This episode of 'First Dates' had a very important message about mental health
"Being a guy and talking about your emotions doesn’t make you less of a man"
First Dates is a show ostensibly about two strangers meeting and going on a date – a pretty simple concept, when it comes down to it.
But it’s turned out to be much more than that, with people regularly sharing their most intimate and personal experiences with their matches (and, by extension, the entire nation).
Which is exactly what happened this week on First Dates Ireland, when dater Catriona opened up about her brother’s suicide.
And it all started when her date complimented her hair – which, it turned out, she had shaved off for charity, and as a “visual message” about male mental health.
“I thought: let’s do something positive for his one year anniversary. A huge thing about depression and anxiety is that people don’t want to talk about it. There’s a huge stigma. And the biggest thing is that men don’t talk.
“Being a guy and talking about your emotions doesn’t make you less of a man. If I’m bald, does that make me less of a woman?

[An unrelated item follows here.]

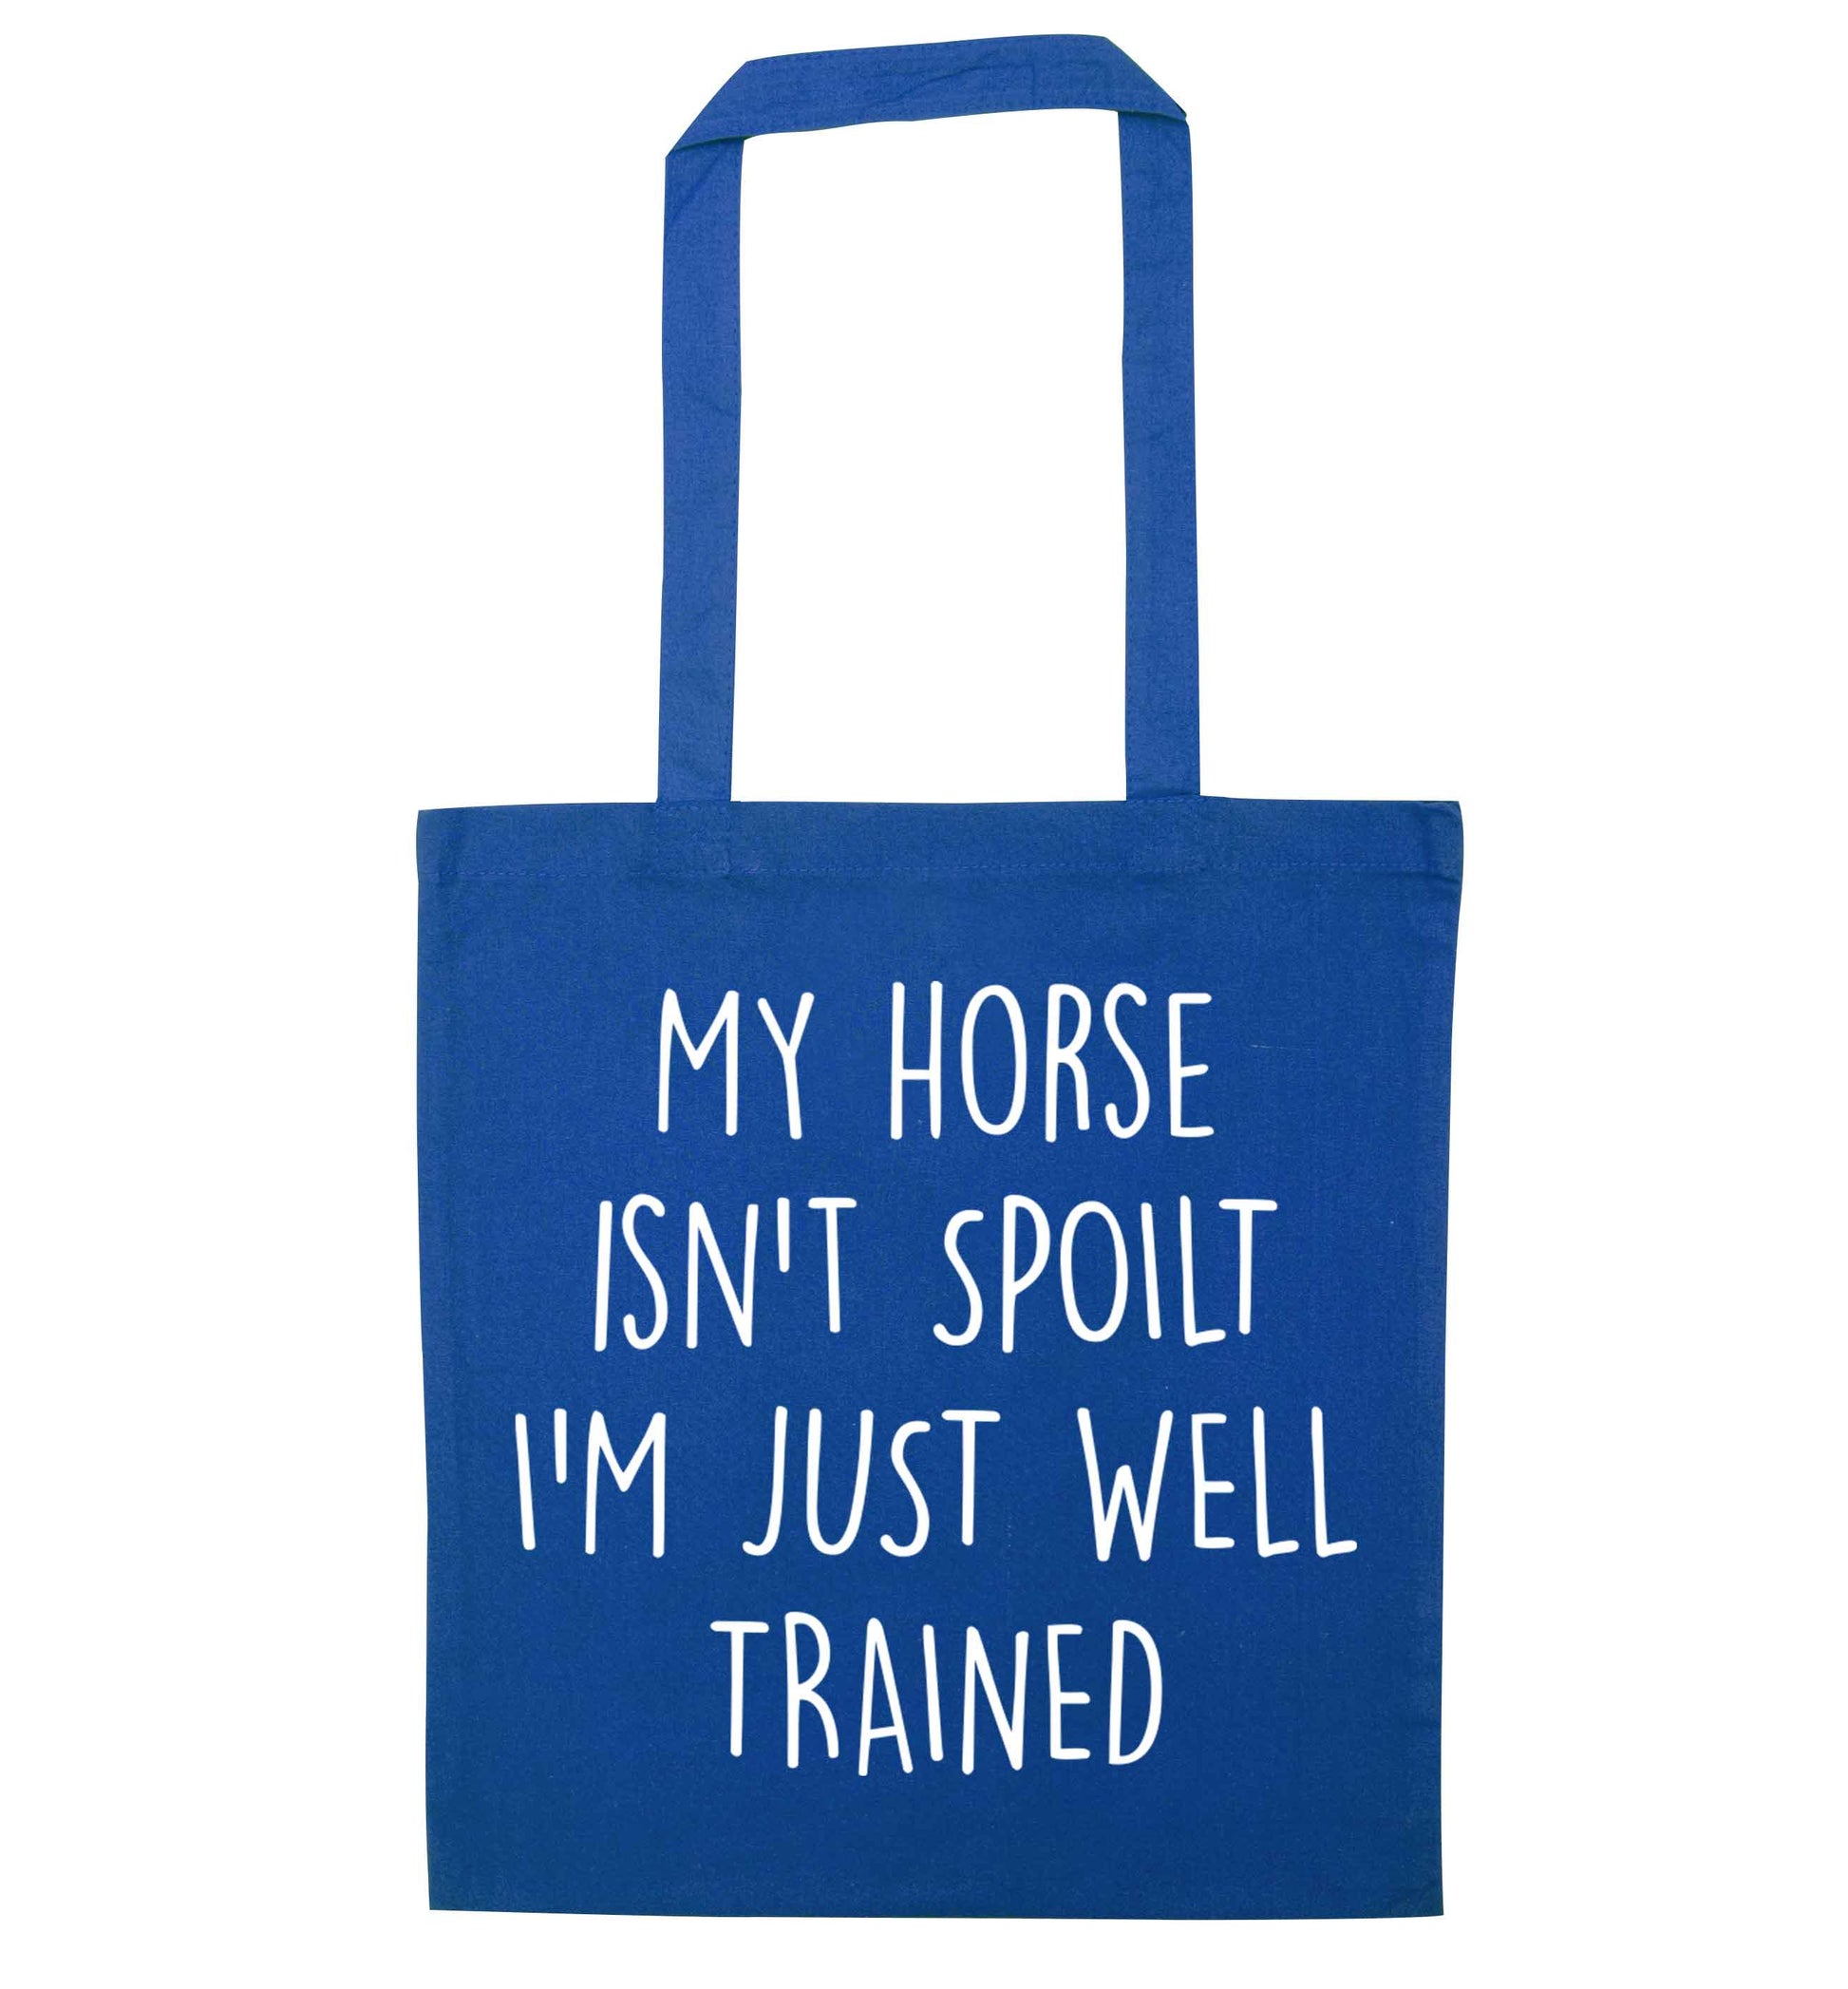 My horse isn't spoilt I'm just well trained blue tote bag

It’s like a guy who talks about his feelings”.
“Being a guy and talking about your emotions doesn’t make you less of a man.”
The date comes the same week that a powerful anti-suicide campaign has been launched by male mental health charity, CALM.
The campaign features 84 individual sculptures, each representing a real life lost to suicide, which are currently on display on top of ITV’s buildings on London’s Southbank.
“We’re aiming to initiate a much-needed conversation around male suicide and a movement towards better suicide prevention and bereavement support, so that we can convince the government to take action and responsibility, where we’ve also got a petition headed up by us and Matthew Smith, who tragically lost his brother Dan to suicide 13 years ago,” CALM CEO Simon Gunning told ShortList.
“By working with the families and friends of men who have taken their own lives to highlight individual stories, we hope we’ve been able to make the impersonal thoroughly personal for the message to really hit home nationally.”